Data Version Control

What is DVC?

DVC (data version control) is an open source tool for tracking datasets and outputs of Data Science and Machine Learning projects.

DVC is designed to be integrated into your Git workflows. On top of that, the interface of DVC is very similar to Git's, so if you are familiar with Git you will find starting to use DVC very easy.

So why should you start using DVC if you already have Git to track code and an a Azure instance to store your datasets and models?

  1. DVC integrates seamlessly with both Git and all major storage systems (AWS, Azure, Google Cloud, HTTP, SSH server, HDFS, ...) and does not require installing and maintaining any databases.
  2. DVC makes your projects and all their related data reproducible and shareable, allowing to answer questions on how a model or a result was obtained.
  3. DVC lets you treat complex Data Science pipelines as a Makefile, so that when something changes (e.g. a new training dataset, a new choice of model hyperparameters, ...) each stage of the pipeline is automatically re-run whenever needed.

Getting Started

DVC is available on PyPI and it is very easy to install:

pip install dvc
Depending on remote storage you will use, you may want to install specific dependencies.
$ pip install dvc[s3]   # support Amazon S3
$ pip install dvc[ssh]  # support ssh
$ pip install dvc[all]  # all supports

To use DVC you should work inside of a Git repo.
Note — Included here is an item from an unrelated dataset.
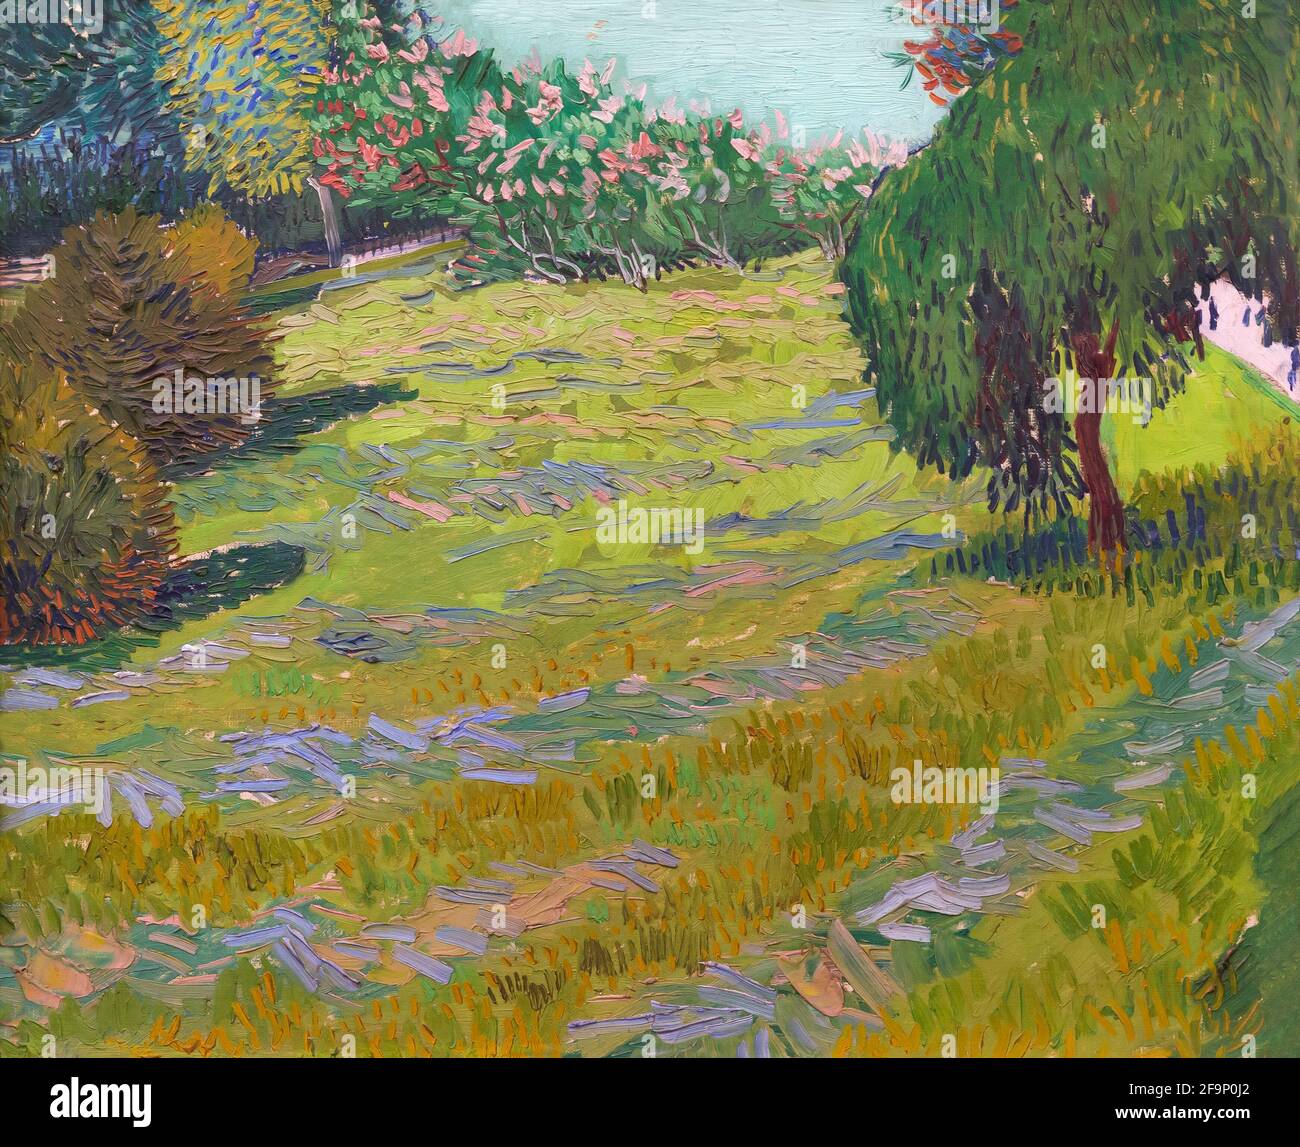 Garten mit weinender Weide, sonniger Rasen in einem öffentlichen Park, Arles, Vincent van Gogh, 1888, Stockfoto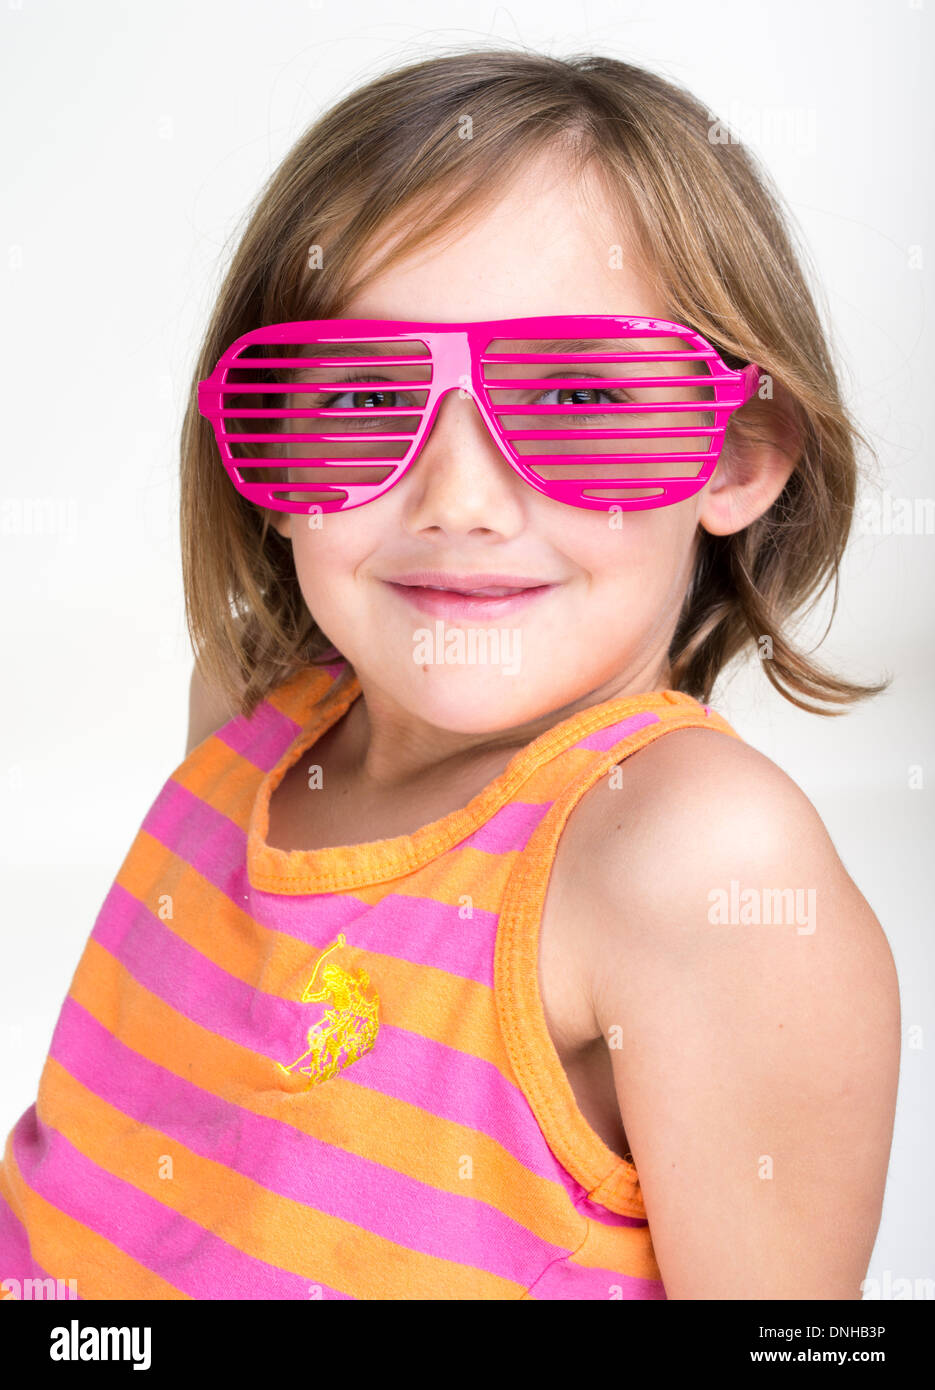 Jeune fille portant des lunettes d'obturation rose Banque D'Images

If it does not exist yet, we create and initialize one.

$ mkdir ml_project & cd ml_project
$ git init
Then, initializing a DVC project creates and automatically git add a few configuration files. Note how the syntax is similar to Git!
$ dvc init
$ git status -s
A  .dvc/.gitignore
A  .dvc/config
A  .dvc/plots/confusion.json
A  .dvc/plots/default.json
A  .dvc/plots/scatter.json
A  .dvc/plots/smooth.json
A  .dvcignore

$ git commit -m "Initialize dvc project"

Data Versioning

Let us assume that in our ML project we have 200,000 images that we want to use to train and test a classification model able to distinguish dogs from cats.

├── train
│   ├── dogs       # 95,000 pictures
│   └── cats       # 95,000 pictures
└── validation
   ├── dogs        # 5,000 pictures
   └── cats        # 5,000 pictures
Tracking all of these images with Git would be a bad idea, as we are dealing with a lot of binary files. Instead, we can easily track them with DVC.

$ dvc add data/
100% Add|██████████|1/1    [00:30, 30.51s/file]
To track the changes with git, run:
    git add .gitignore data.dvc

$ git add .gitignore  data.dvc
$ git commit -m "Add first version of data/"
$ git tag  -a "v1.0"  -m "data v1.0, 200,000 images"

As you can see, if you are familiar with Git, the syntax of DVC looks straightforward. But what exactly has happened when we executed dvc add data/? Actually, quite a lot of things!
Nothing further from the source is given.